Quote from: MrOsa on May 23, 2007, 01:24:31 PM
You're aware of the fact that you're only proving my point? What sort of argument is that: "I've never heard of that composer so he can't be good - prove his value to me!" That's exactly the kind of arrogant "imperialist" attitude I was talking about. I'm not surprised that you haven't heard anything by Zarebski - AFAIK, Luke is the only other person on this forum who knows and likes his Piano Quintet. But I don't see how a new name can ever be included into the canon if you say "the burden is on you". Well, it's no burden for me, because his name is already included into my canon - and also into the canon of every single music student in Poland. The only question is this: who are the ignorant - the ones who know this music and give it credit, or the ones who refuse to even consider listening to it simply because they've never heard of it or because it wasn't included into their curriculum?

Oh, simmer down. For a moderator you're extremely immoderate. I reiterate: my personal feelings have nothing to do with the matter any more than yours do. If indeed "his name is already included into the canon of every single music student in Poland," then it's my point you are proving, not yours.

PerfectWagnerite

It's simple: Beethoven and Bach and Mozart are great, Dittersorf and Elgar are not.

Maciek

Quote from: Larry Rinkel on May 23, 2007, 02:44:32 PM
Oh, simmer down. For a moderator you're extremely immoderate.

How extremely kind of you to point that out. Where exactly did I offend you personally? I'm willing to edit out anything of that kind and publicly apologize.

Quote from: Larry Rinkel on May 23, 2007, 02:44:32 PM
If indeed "his name is already included into the canon of every single music student in Poland," then it's my point you are proving, not yours.

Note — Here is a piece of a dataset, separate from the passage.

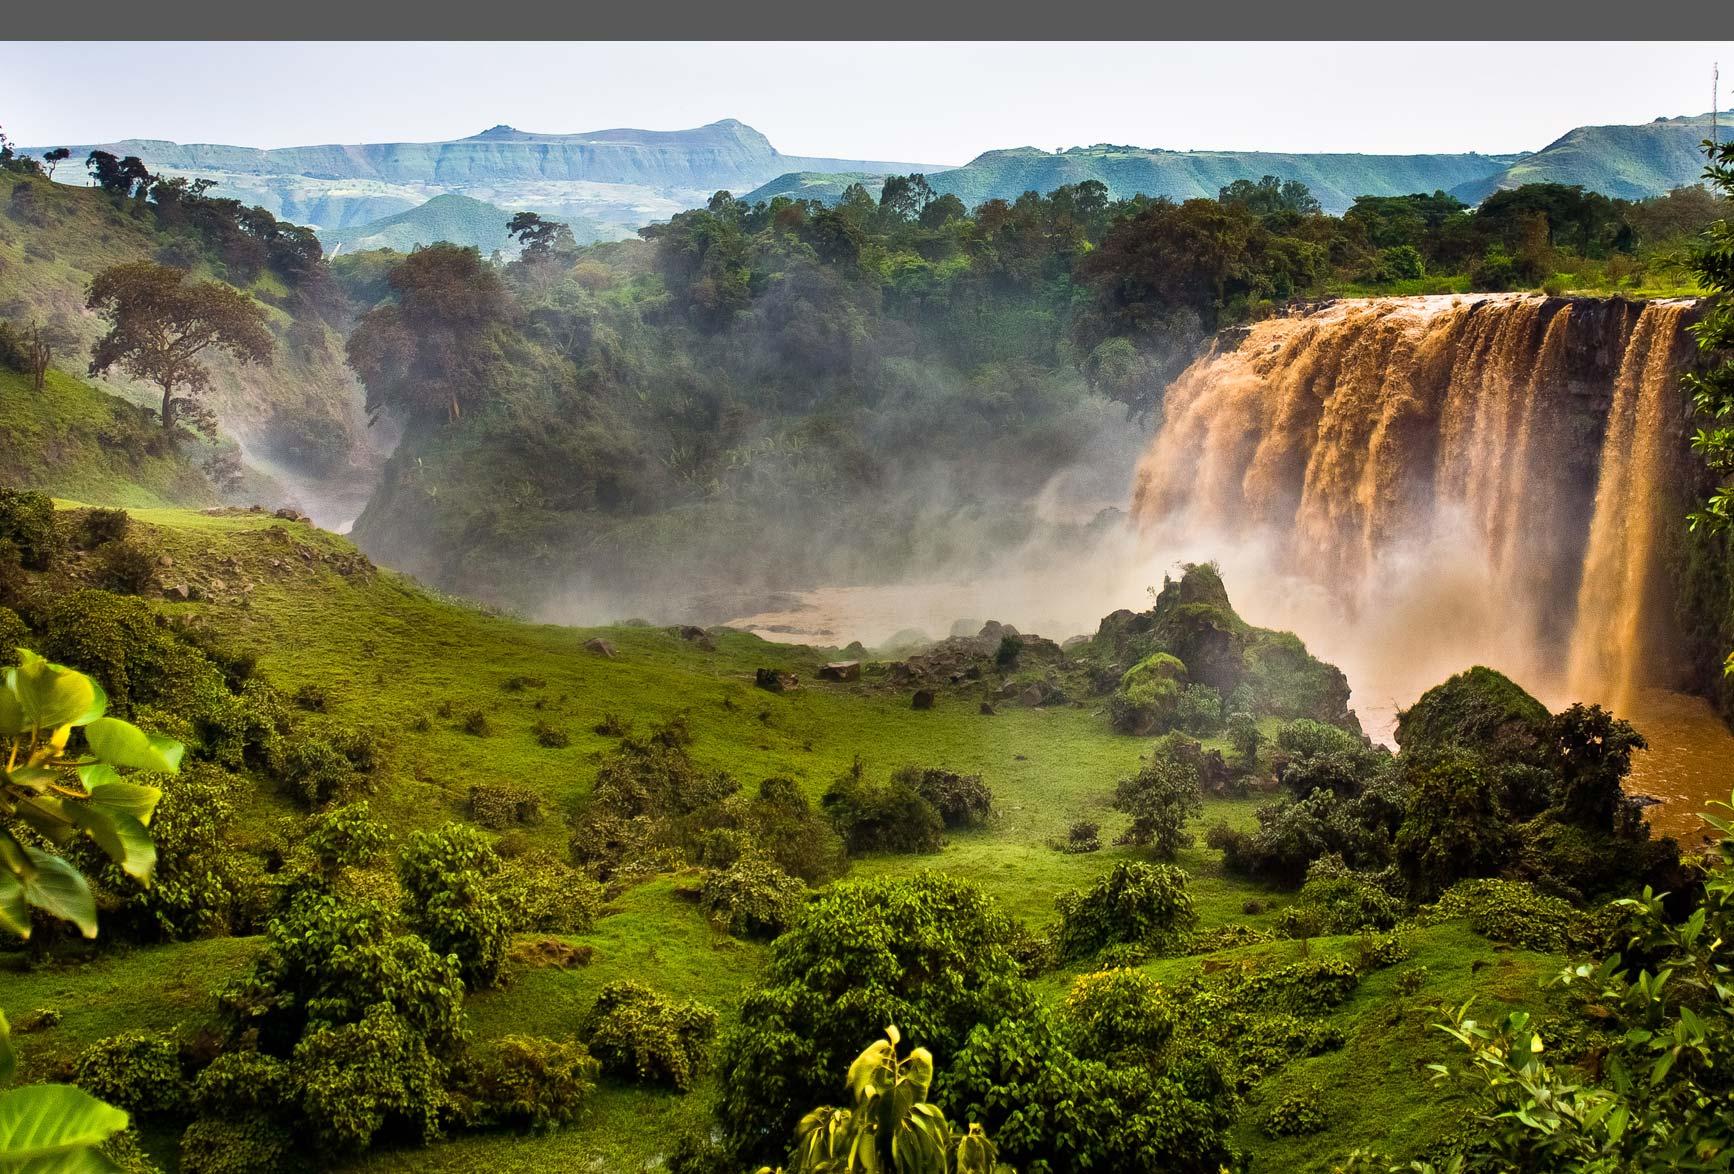 20180221112547-viaje-terres-tour-operador-etiopia001.jpg
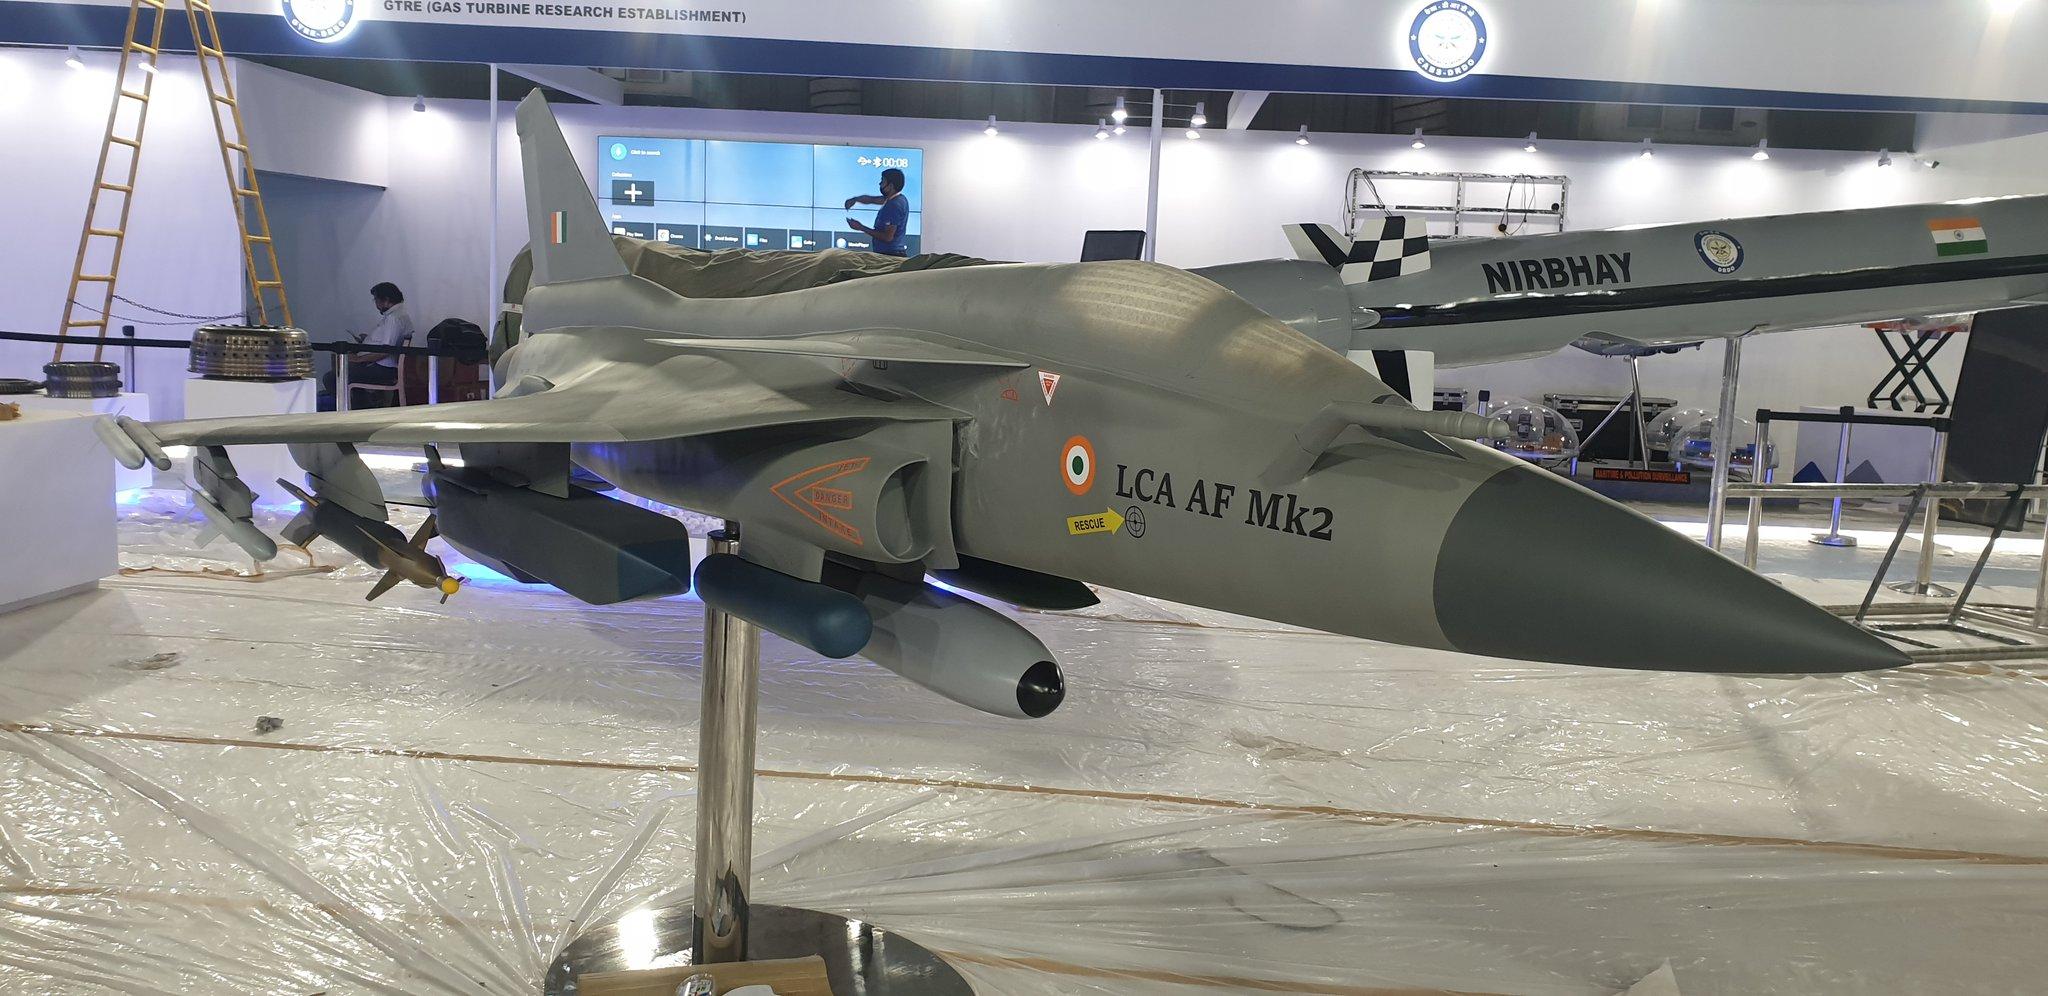 LCA Mk-2

Apparently I don't understand what your point is. Mine is that if there is to be such a thing as a "general" canon, then it should indeed be general, i.e. include great works produced by composers from even those nations who were unfortunate enough to have been slaughtered to the last man. Since I don't know much about those nations, I've chosen a more moderate example - that of Poland. Now, as it happens, the canon taught at Polish music schools does not include a single piece of South American baroque music. In fact, I don't think it even contains a single piece of music by a British composer (? - maybe Britten, I'm not sure) but perhaps it does contain one or two by American ones. So that's not my notion of a true, "general" canon. OTOH, I don't think what is considered the canon in Poland is included in the canon in other countries. At least not that I've heard of. So my point is that so far all canons are local, both temporally (Gurn's point and mine in a smaller part) and spatially (my point). Until your last post I understood your point to be that there is a "general" canon, developed over the ages by collective consensus which includes every (or almost every) "great" piece of classical music ever written (with the obvious exceptions of works lost etc.). But now I have no idea what your point is anymore... ???

quintett op.57

Quote from: MrOsa on May 23, 2007, 01:24:31 PM
You're aware of the fact that you're only proving my point? What sort of argument is that: "I've never heard of that composer so he can't be good - prove his value to me!"
Maciek, you're overreacting, he's not said that.